Hmm. Going by this person's 4-year lightfastness test, PR254 isn't much more lightfast than a napthol red.
posted by tavella at 10:43 PM on April 28, 2018 [1 favorite]

Man, I'm such a sucker now for pigment research stuff; I remember hearing the initial hullaballoo back in 2009 or so about Subramanian's blue and thinking "that's interesting", but with the painting stuff I've been doing more recently I've started taking seriously both the history and the practical implications of pigment variations and their durability and composition and so I was nodding along to this like "yeah...yeah!"

If you're interested in an engaging (if at times a bit arch and/or salty) narrative of the history of pigment discovery and use, especially but not solely in the context of painting, I will heartily recommend the book Bright Earth by Philip Ball.

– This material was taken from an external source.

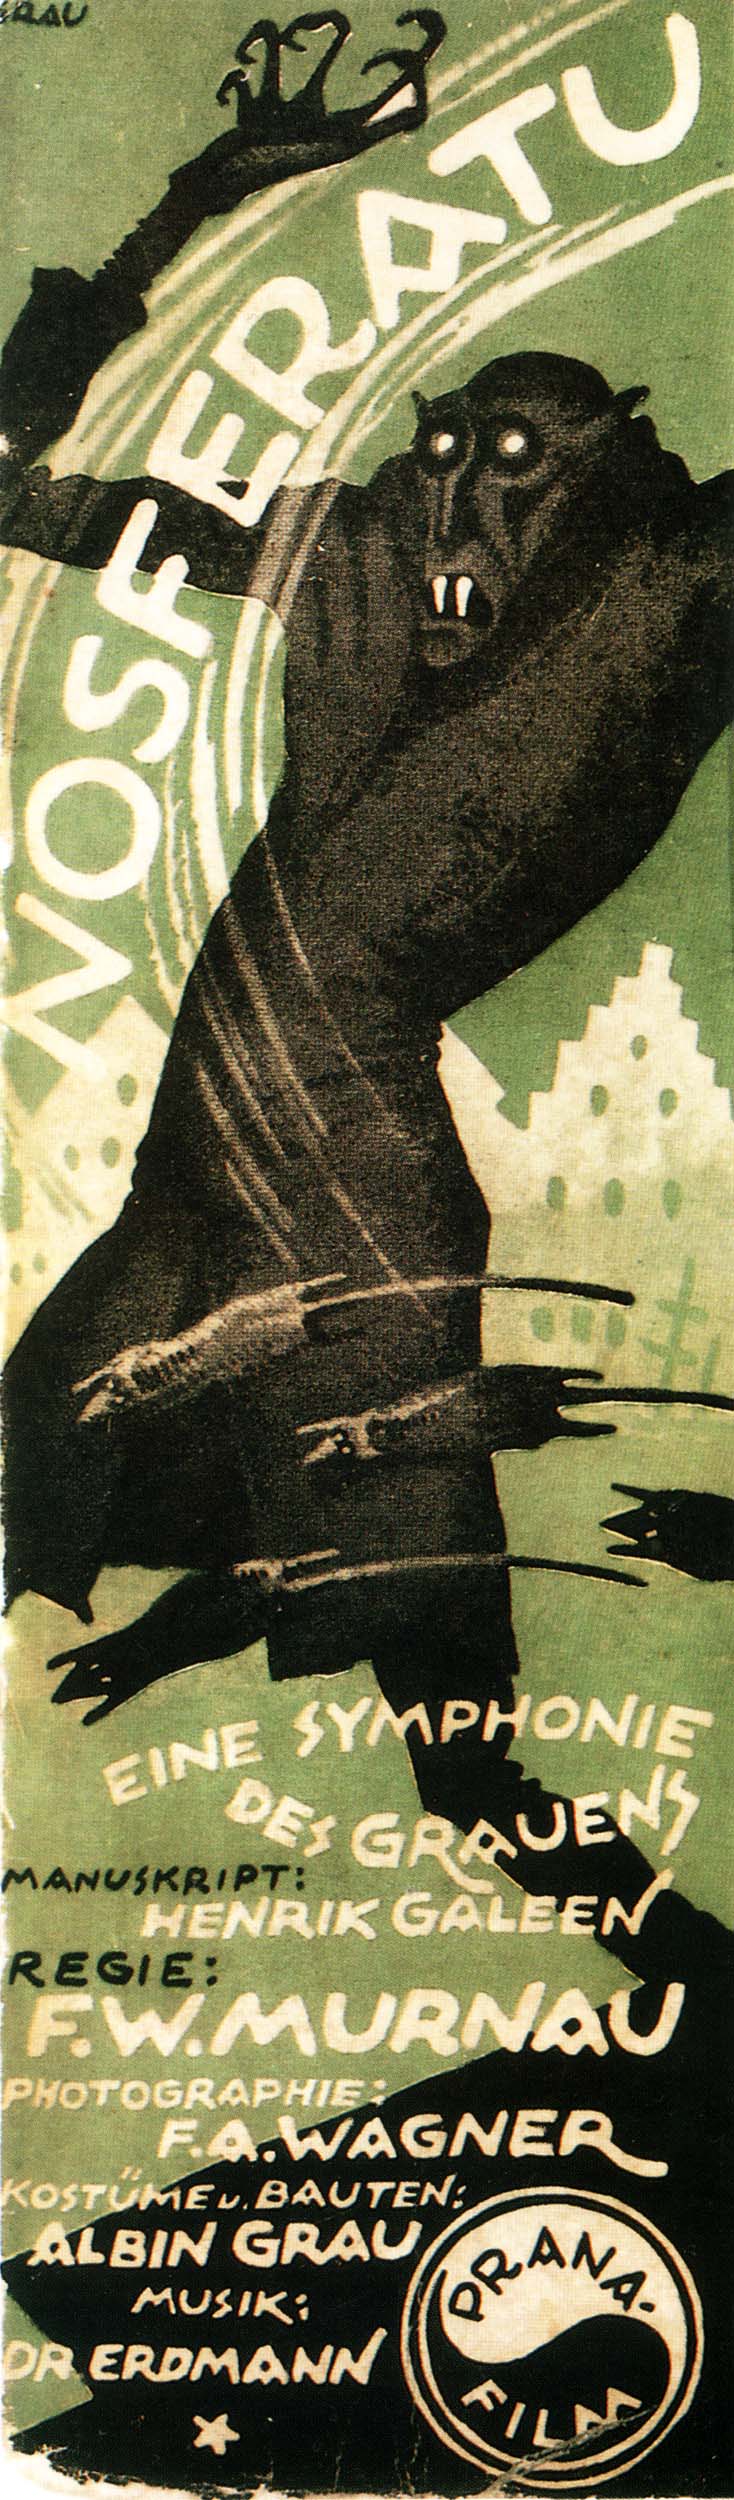 Nosferatu (1922) insert poster by Albin Grau
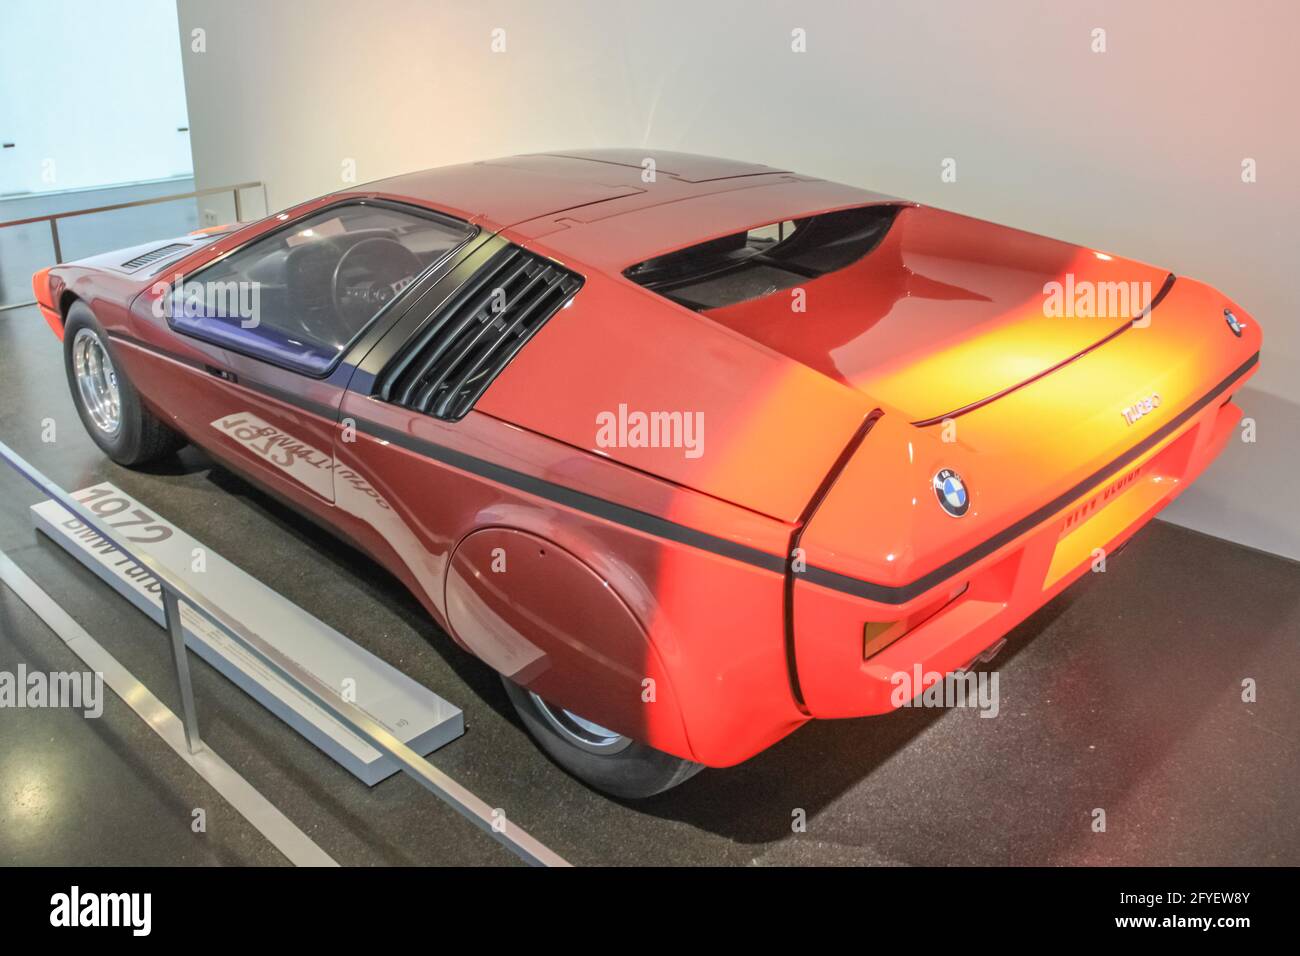 Germania, Monaco di Baviera - 27 aprile 2011: Concept car BMW Turbo dal 1972 nella sala espositiva del Museo BMW. La prima concept car dell'azienda Foto Stock

I read it last year and enjoyed it thoroughly, and came away with a much improved sense of the overall arc of all the varyingly unstable, toxic, and just plain gross pigments and pigment-production methods behind classic art and modern manufacturing.
posted by cortex at 3:34 PM on April 29, 2018 [3 favorites]

Honestly, I'd be looking at organometallics. There is a lot more space there then pure organics, and some of them can be quite stable, see the above phthalocyanine compounds.

I definitely agree that organics are much more tunable, but I think organometallics are not the answer if you're looking for a stable pigment. A chemistry meme page I follow on Facebook posted a three-door meme recently:

Door 1) Restart life
Door 2) $5 billion
Door 3) An air- and water-stable organometallic complex

I suspect that even if a promising organometallic complex was air- and water-stable, it might still suffer from the same degradation processes that regular organic pigments are prone to. YMMV based on the ligand set, of course.

I would also point out that the phthalocyanin pigments are not technically organometallic; they coordinate to the metal through nitrogen, not carbon.
posted by invokeuse at 10:31 AM on April 30, 2018

Granted, I never took a watercolour studio but stuff like this article posted by sebastienbailard would have been incredibly useful in school.